- **What you need to do**
I would like the lines below, from the one with "ONE SMALL STEP" through the one with "#space #spacetheme #spacethemed", copied exactly and without any pictures.

- **Source data**

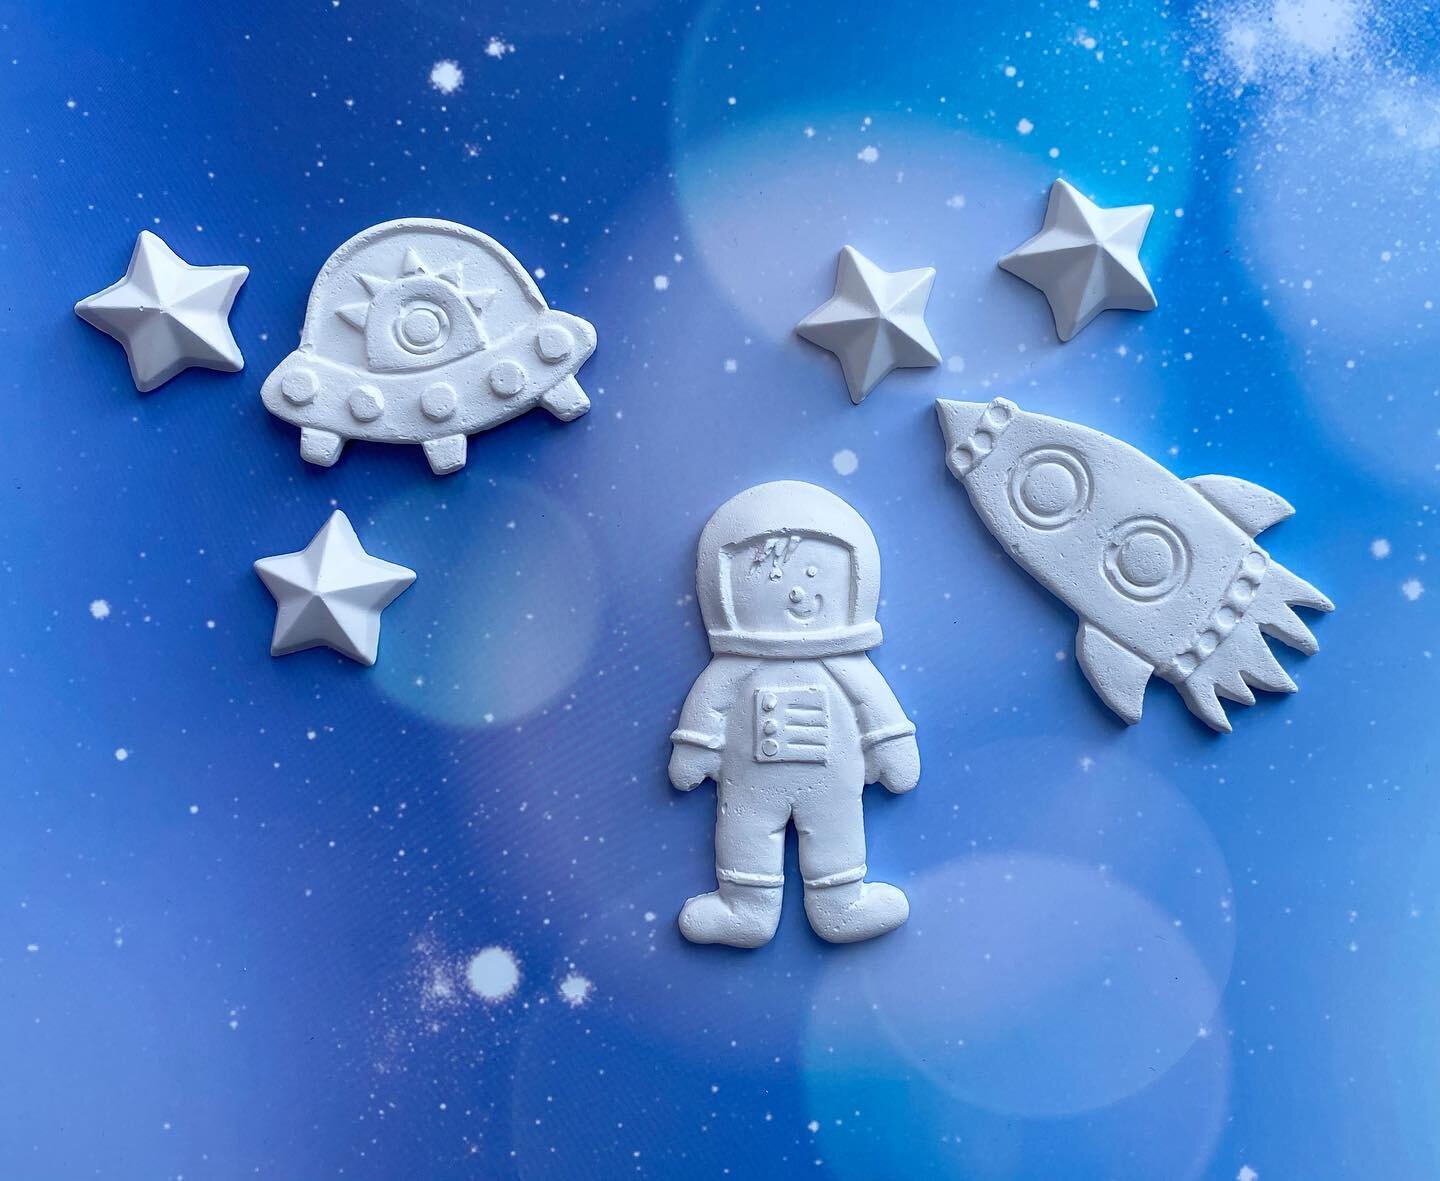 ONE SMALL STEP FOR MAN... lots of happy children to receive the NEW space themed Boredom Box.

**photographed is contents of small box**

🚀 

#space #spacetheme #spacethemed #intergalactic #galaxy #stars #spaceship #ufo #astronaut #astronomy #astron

==

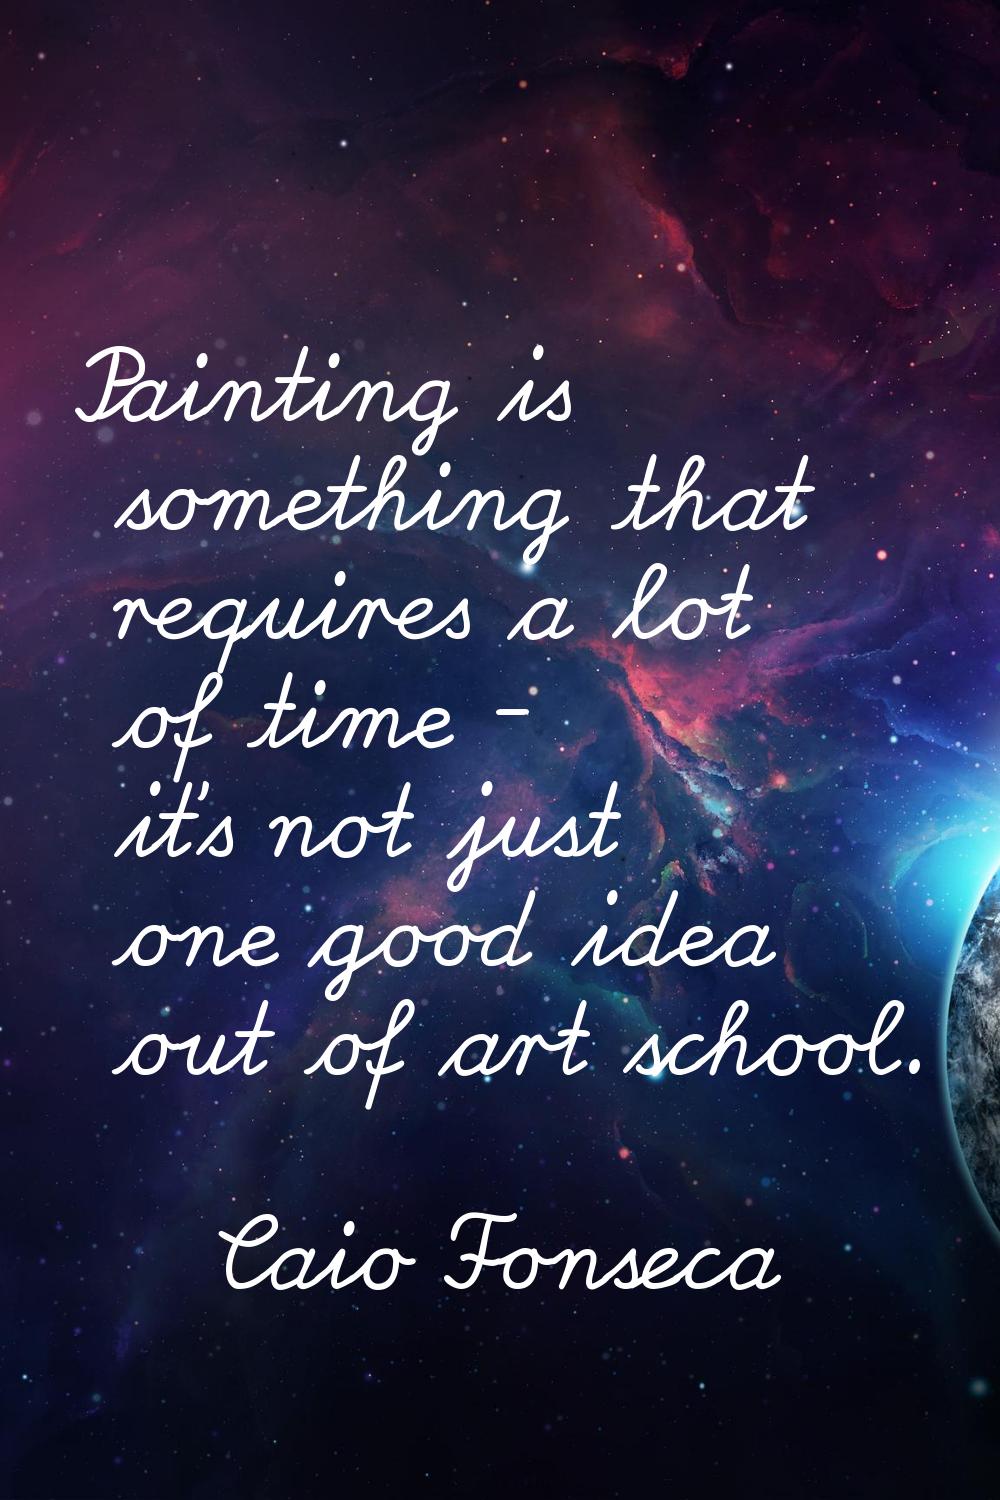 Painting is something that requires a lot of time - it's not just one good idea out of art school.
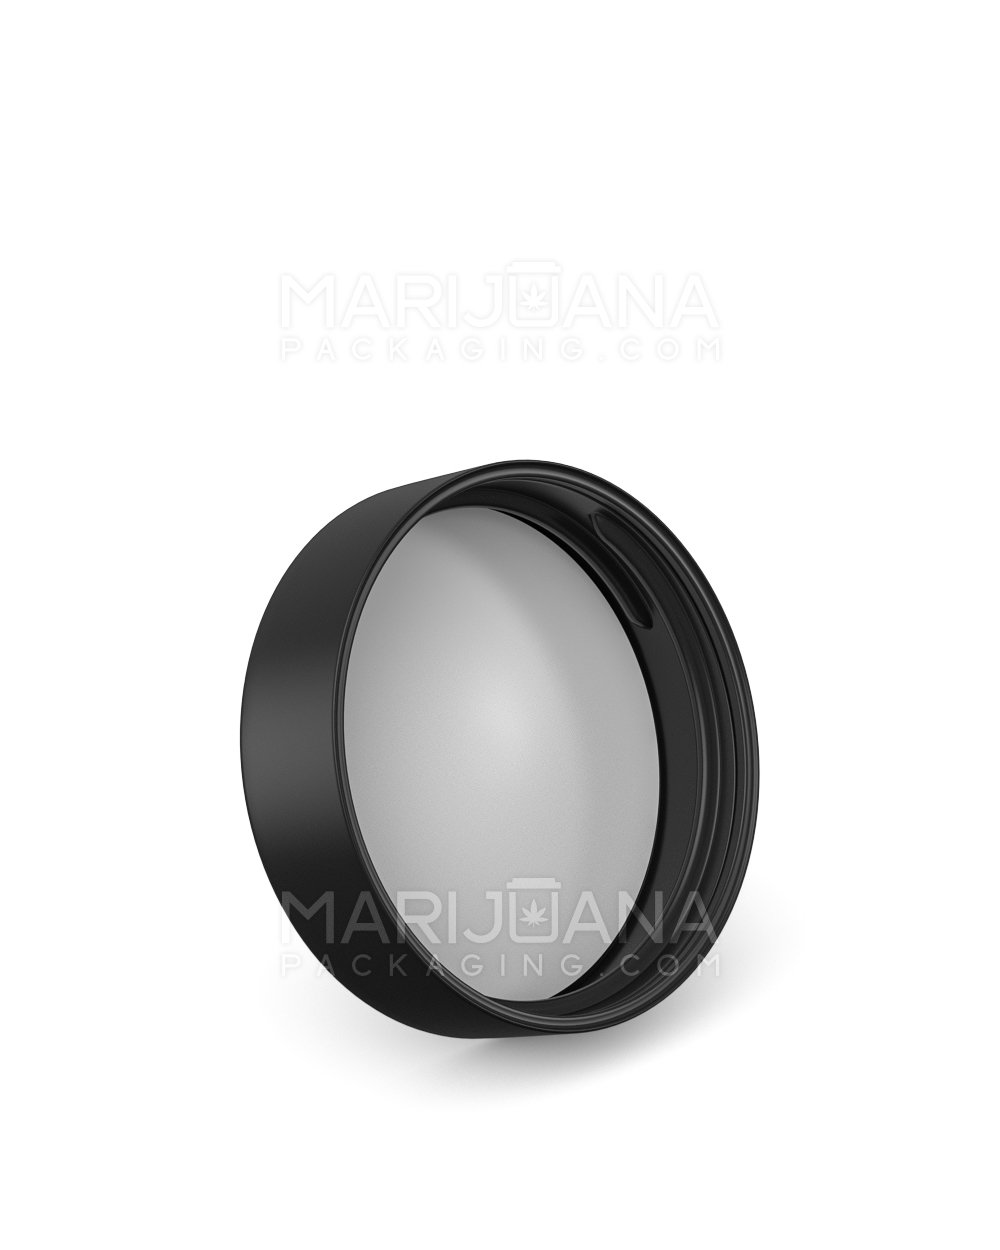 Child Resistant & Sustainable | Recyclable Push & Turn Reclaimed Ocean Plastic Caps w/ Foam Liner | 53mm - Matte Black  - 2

...

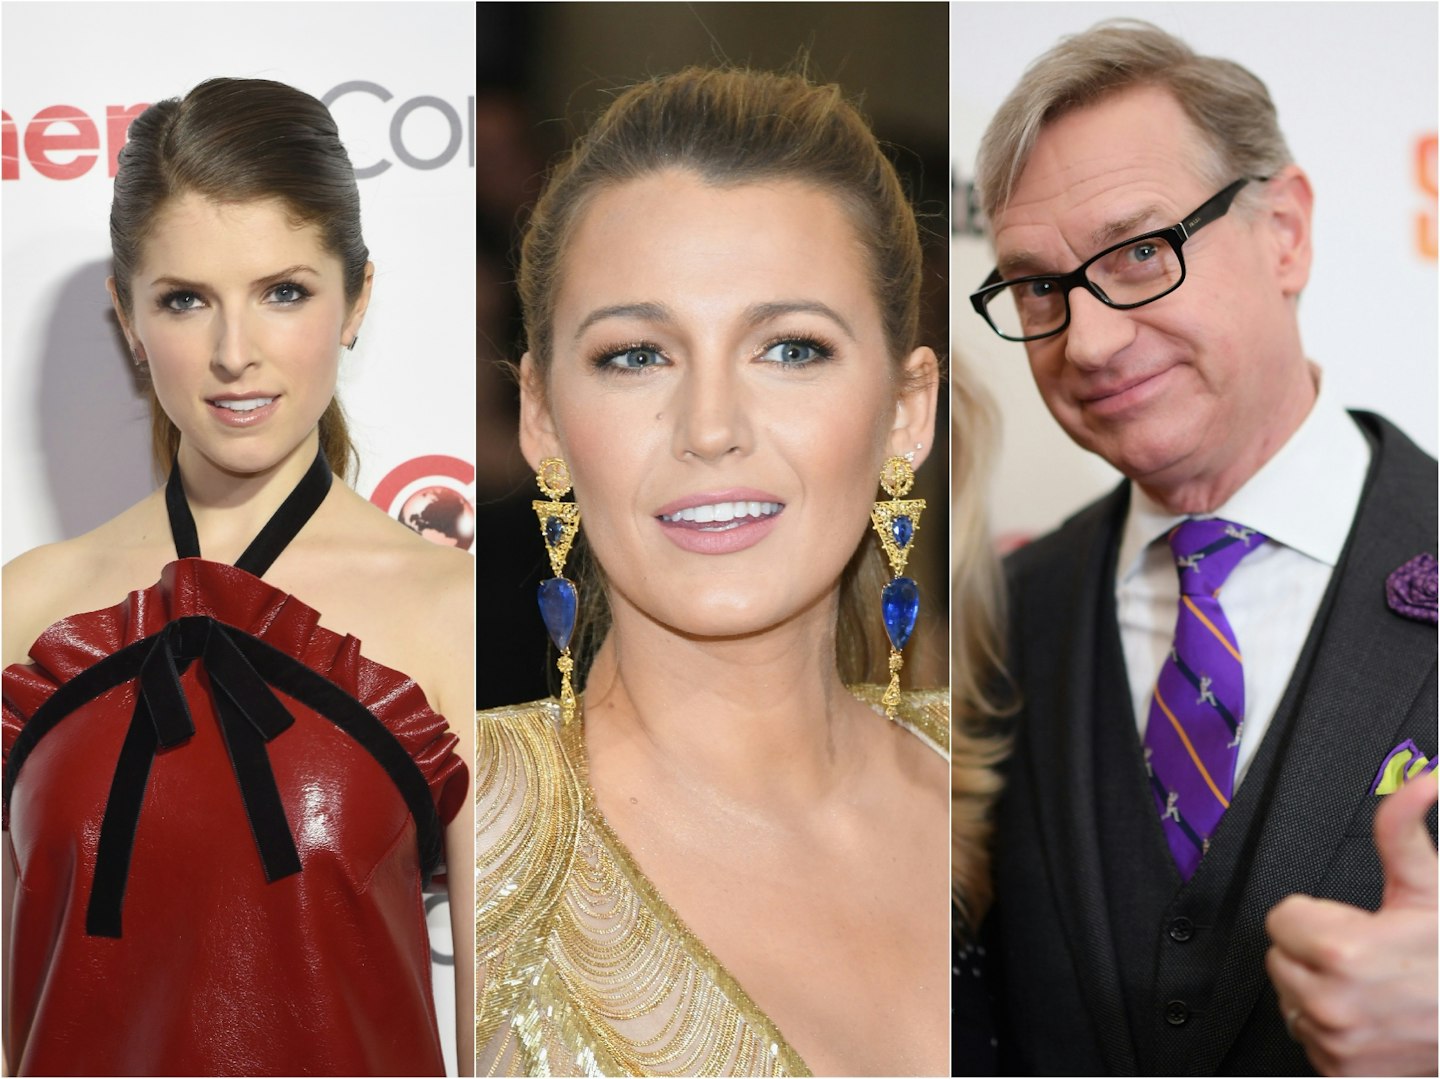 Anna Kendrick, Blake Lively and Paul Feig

- **Problem solution**
 ONE SMALL STEP FOR MAN... lots of happy children to receive the NEW space themed Boredom Box.

**photographed is contents of small box**

🚀 

#space #spacetheme #spacethemed #intergalactic #galaxy #stars #spaceship #ufo #astronaut #astronomy #astron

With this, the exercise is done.